= WHAT THE TASK ASKS =
Exactly the lines below, starting with the one containing "Mr Kipling Exceedingly" and going on through the one containing "Cute kawaii cactus", must be reproduced, both ends included, and no pictures with them.
(RECORDS SHOWN Opens)
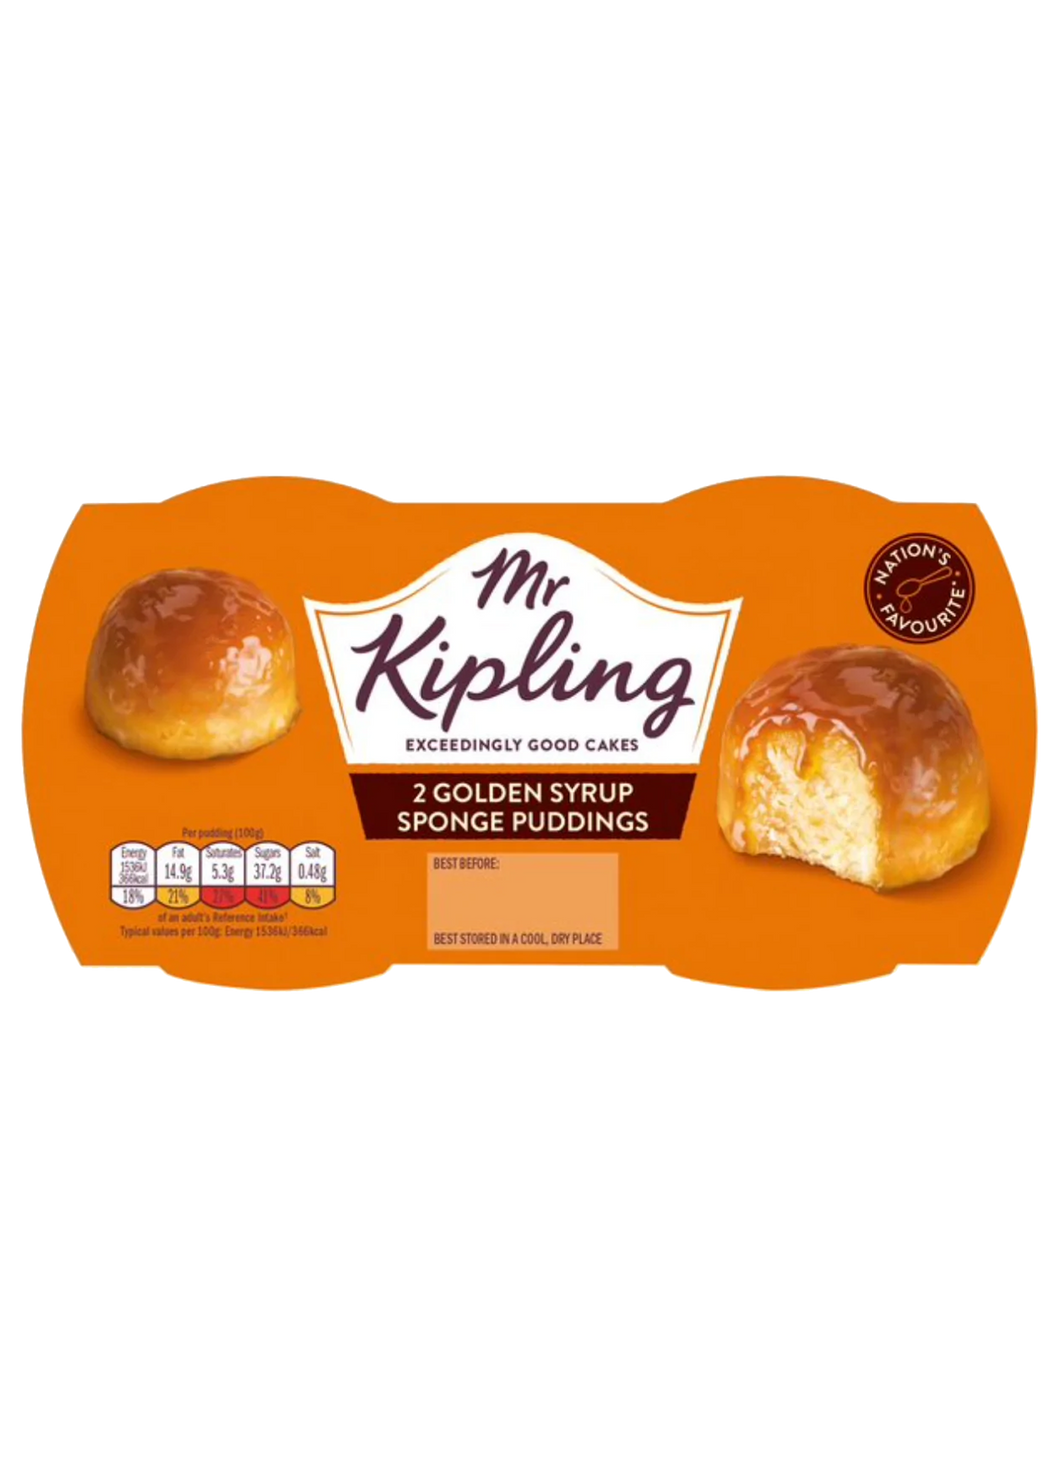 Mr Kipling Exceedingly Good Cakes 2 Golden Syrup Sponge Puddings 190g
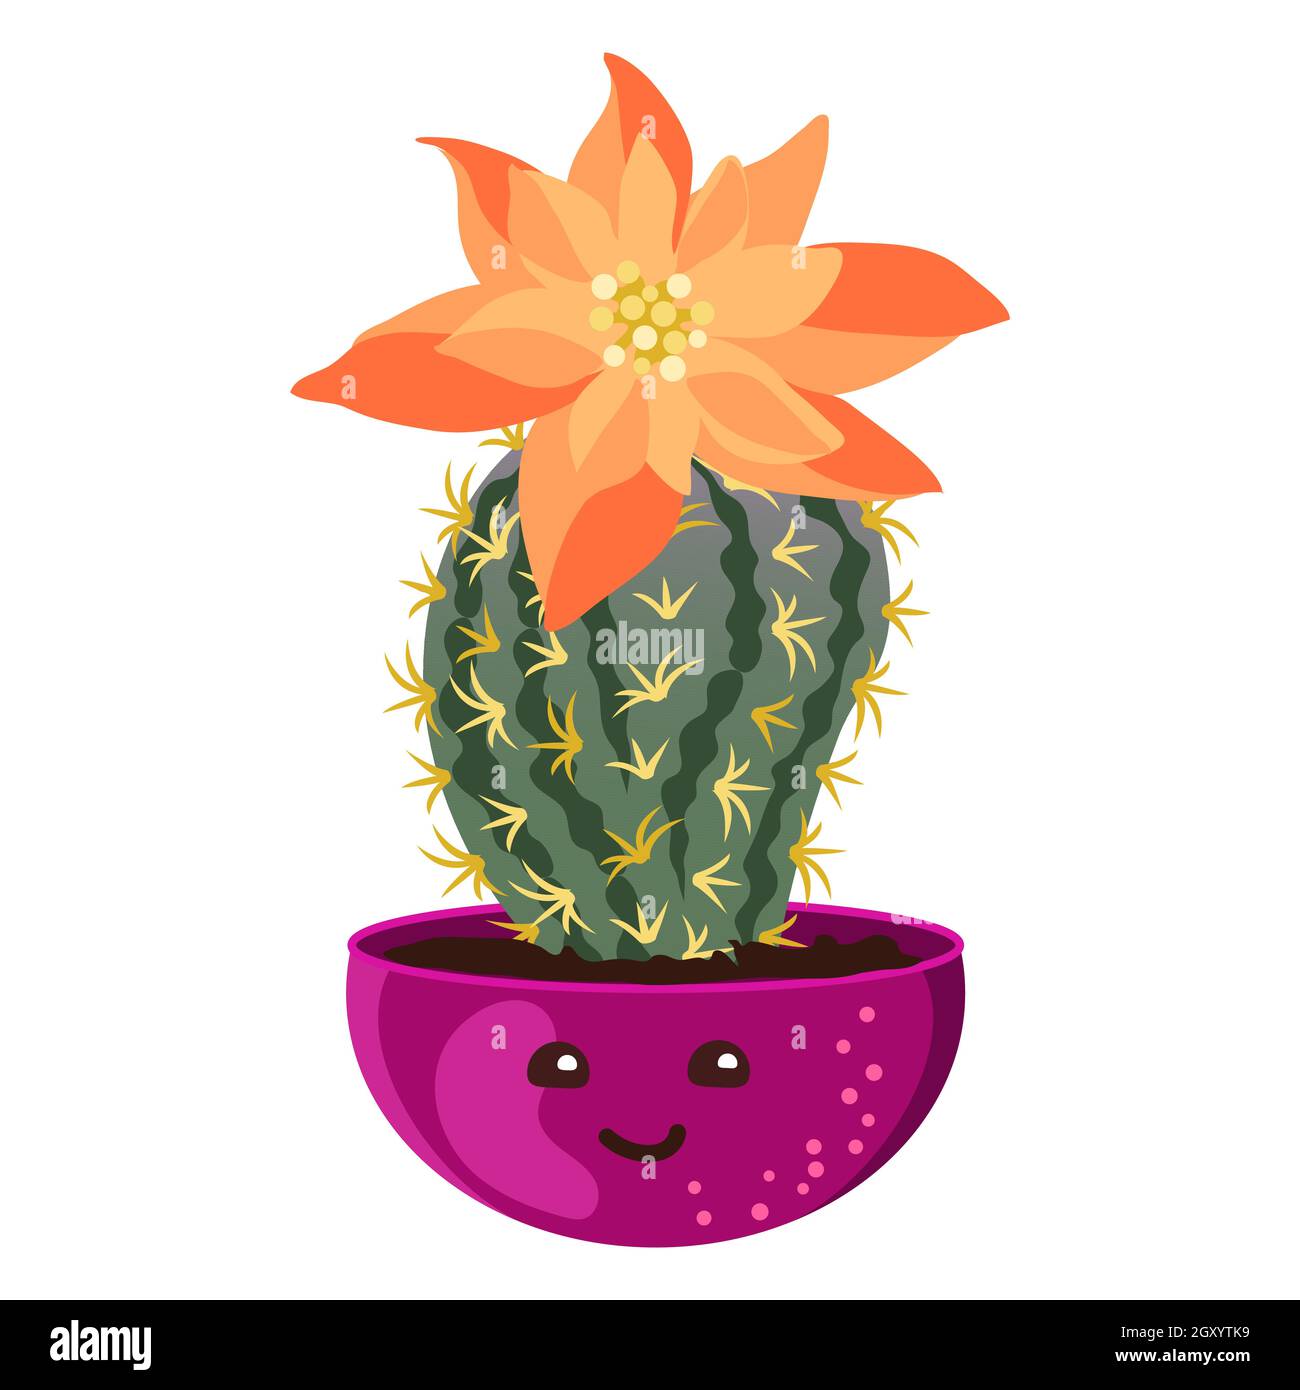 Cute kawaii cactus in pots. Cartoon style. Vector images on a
(RECORDS SHOWN Closes)
(RECORDS SHOWN Opens)
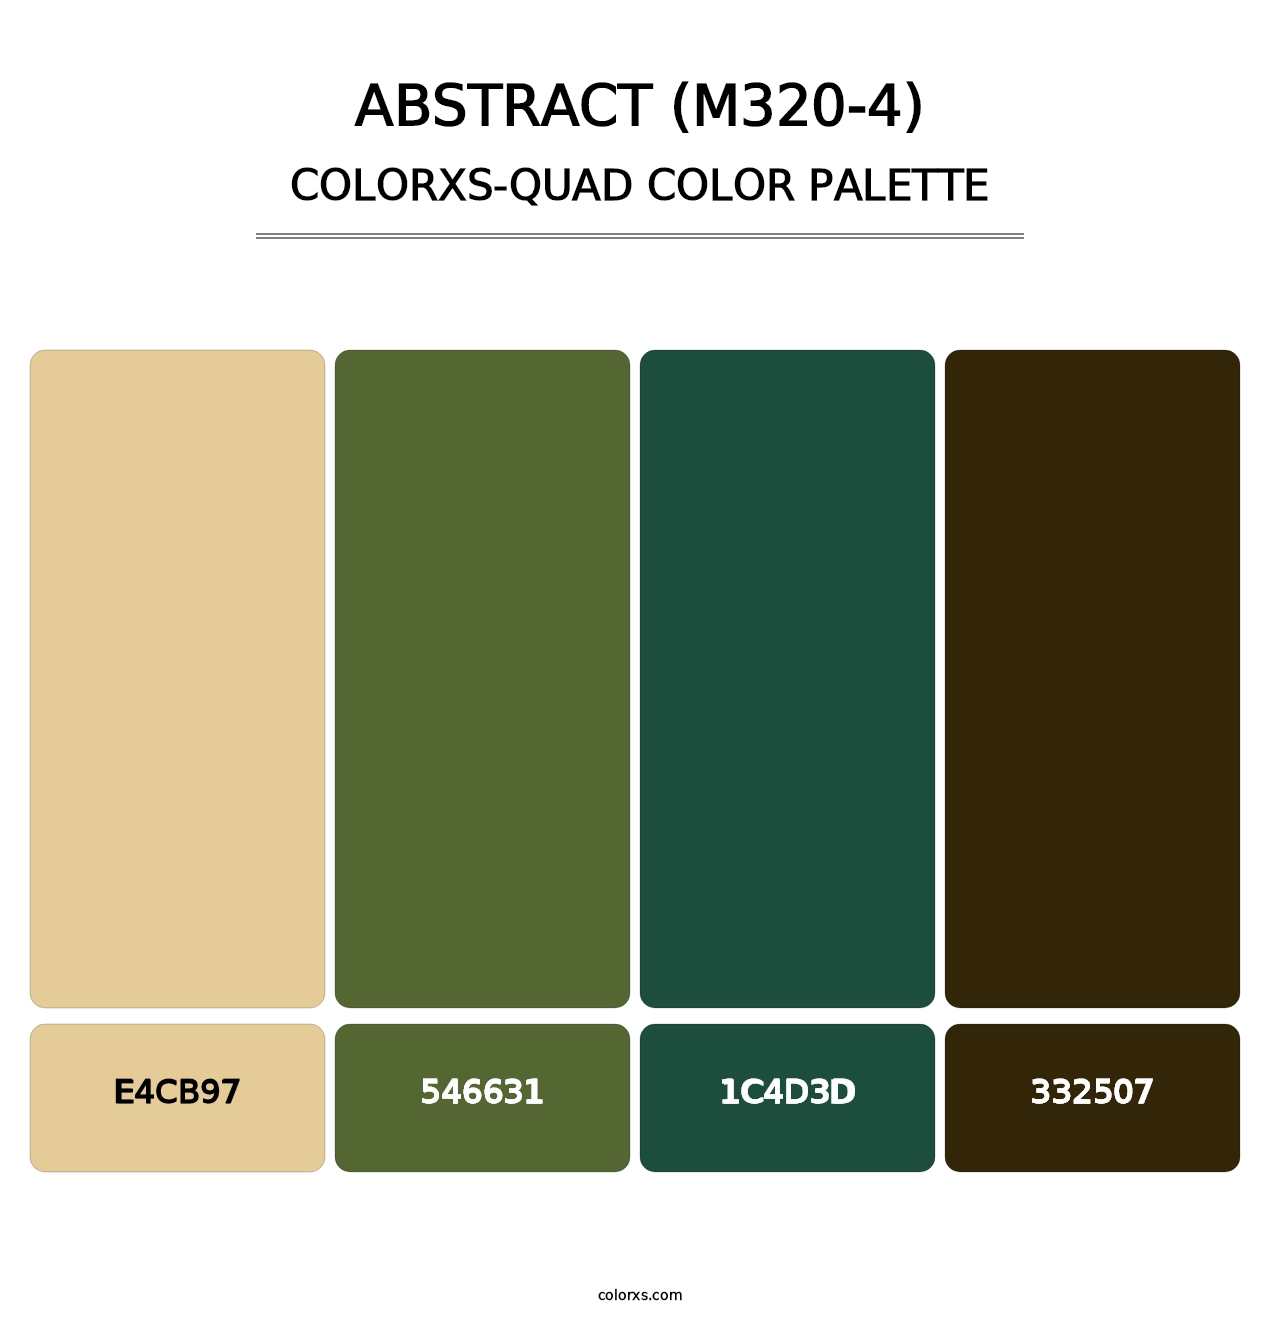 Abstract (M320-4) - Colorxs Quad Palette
(RECORDS SHOWN Closes)
= RESPONSE BELOW =
 Mr Kipling Exceedingly Good Cakes 2 Golden Syrup Sponge Puddings 190g
 Cute kawaii cactus in pots. Cartoon style. Vector images on a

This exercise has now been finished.